Strategy's $13 Billion Paper Loss Tops the Market Caps of Dozens of Tokens
The loss comes from Strategy’s huge Bitcoin position of about 844,000 BTC and hits earnings directly through fair-value accounting. Michael Saylor’s company highlights the concentration risk in the market.

Key Takeaways
- Strategy has bought about 844,000 BTC at an average price of $75,600, and with Bitcoin around $60,000, it is sitting on an unrealized loss of more than $13 billion.
- That paper loss is bigger than the market value of several well-known crypto projects, including Dogecoin, Monero, Cardano, and Chainlink.
- Strategy’s concentrated Bitcoin position makes it heavily dependent on Bitcoin and shows investors why diversification matters.
Strategy (formerly MicroStrategy) is dealing with one of the biggest unrealized losses in the corporate world, with a loss that tops the market caps of hundreds of crypto tokens. The company holds about 844,000 BTC, bought at an average price of around $75,600 (€66,700). With Bitcoin around $60,000 (€52,900), that means a mark-to-market loss of more than $13 billion (€11.5 billion), which under fair-value accounting flows straight into the income statement and leads to eye-catching quarterly losses.
Risk Concentration and Impact on the Crypto Market
This huge loss is bigger than the total market value of well-known projects like Dogecoin, which is around $11.5 (€10) to $12.7 billion (€11.2 billion), and even bigger than tokens like Hyperliquid’s HYPE, which is worth about $18 billion (€15.9 billion). The loss also tops the market caps of several DeFi, privacy, and oracle projects such as Monero, Cardano, and Chainlink, as well as projects like Bitcoin Cash, Litecoin, and BlackRock’s BUIDL. This shows just how much risk gets concentrated when one company holds such a large Bitcoin position.
Strategy’s approach, led by Executive Chairman Michael Saylor, has been to aggressively buy Bitcoin since 2020, which has led to a situation where more than 74% of the company’s total assets are BTC. This concentrated exposure makes the company a leveraged bet on Bitcoin, with all the volatility that comes with it.
What This Means for Decentralization and Investors
The size of Strategy’s Bitcoin stash runs counter to the original ideals of decentralization and democratization in crypto.

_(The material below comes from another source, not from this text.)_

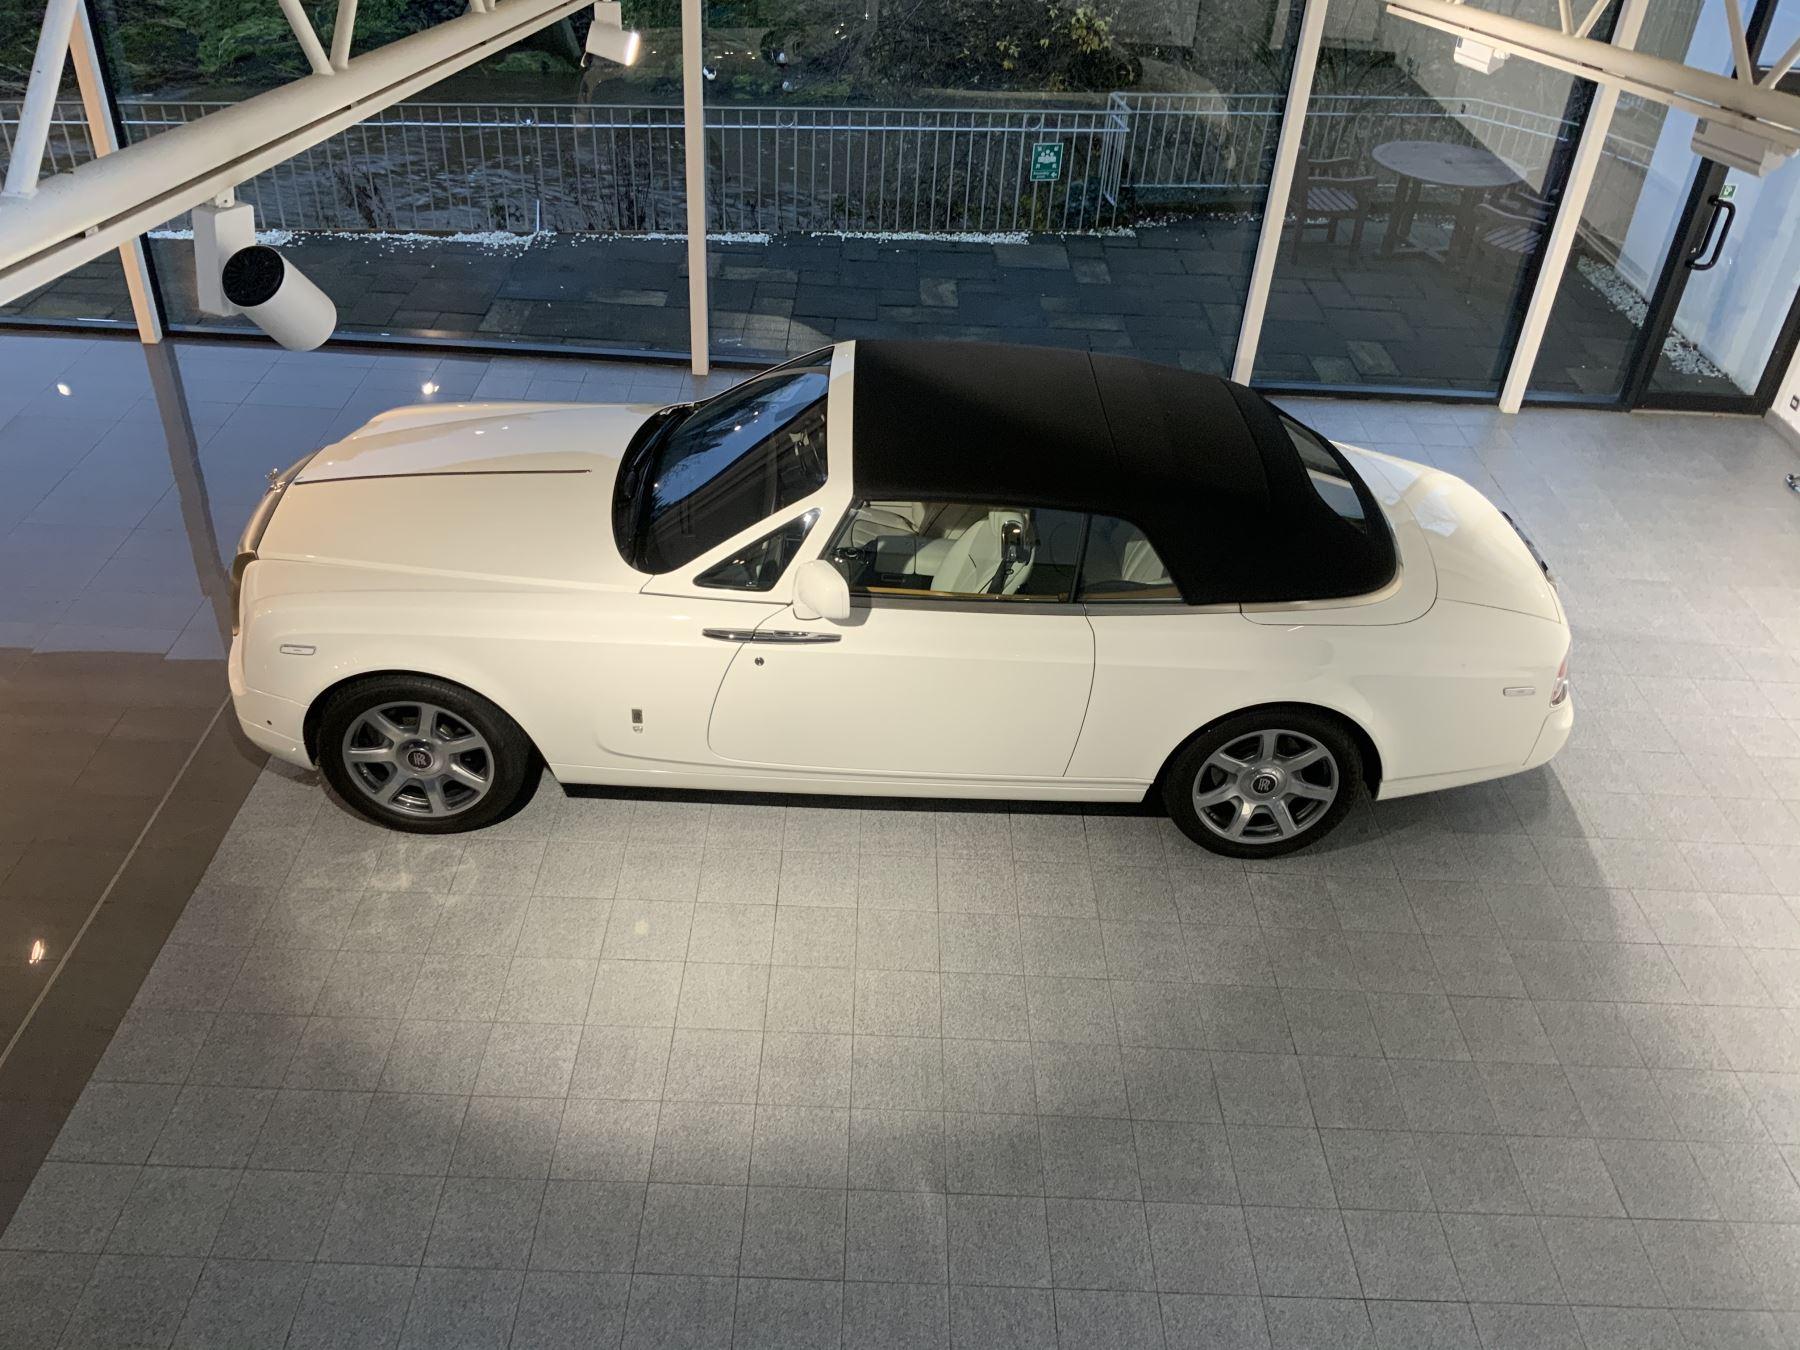 Rolls-Royce Phantom Drophead Coupe Series 2 image 30

Bitcoin and the broader crypto market were supposed to spread financial power around, not concentrate it in the hands of big institutions, but now one public company has so much Bitcoin that its paper loss is bigger than the value of countless other crypto ecosystems.
While Strategy supporters see the current losses as temporary volatility in a long-term view of Bitcoin as digital gold, it is also a warning about the risks of concentrated positions. It shows the possible opportunity cost of locking up capital in a volatile asset instead of putting it into more diversified or productive business activities.
Why This Matters for European Crypto Investors
For European crypto investors, this development matters because it highlights the risks of concentrated Bitcoin positions inside publicly traded companies. It also underscores the importance of diversification and of taking a close look at the financial health and strategies of crypto companies before investing. On top of that, it may point to broader market volatility driven by large institutional Bitcoin positions and the possible impact that could have on the crypto market as a whole. The debate around Strategy’s financing model is also continuing beyond price moves, as an investigation into the company’s Bitcoin strategy is focused on possible misleading statements about the risks and profitability of that approach.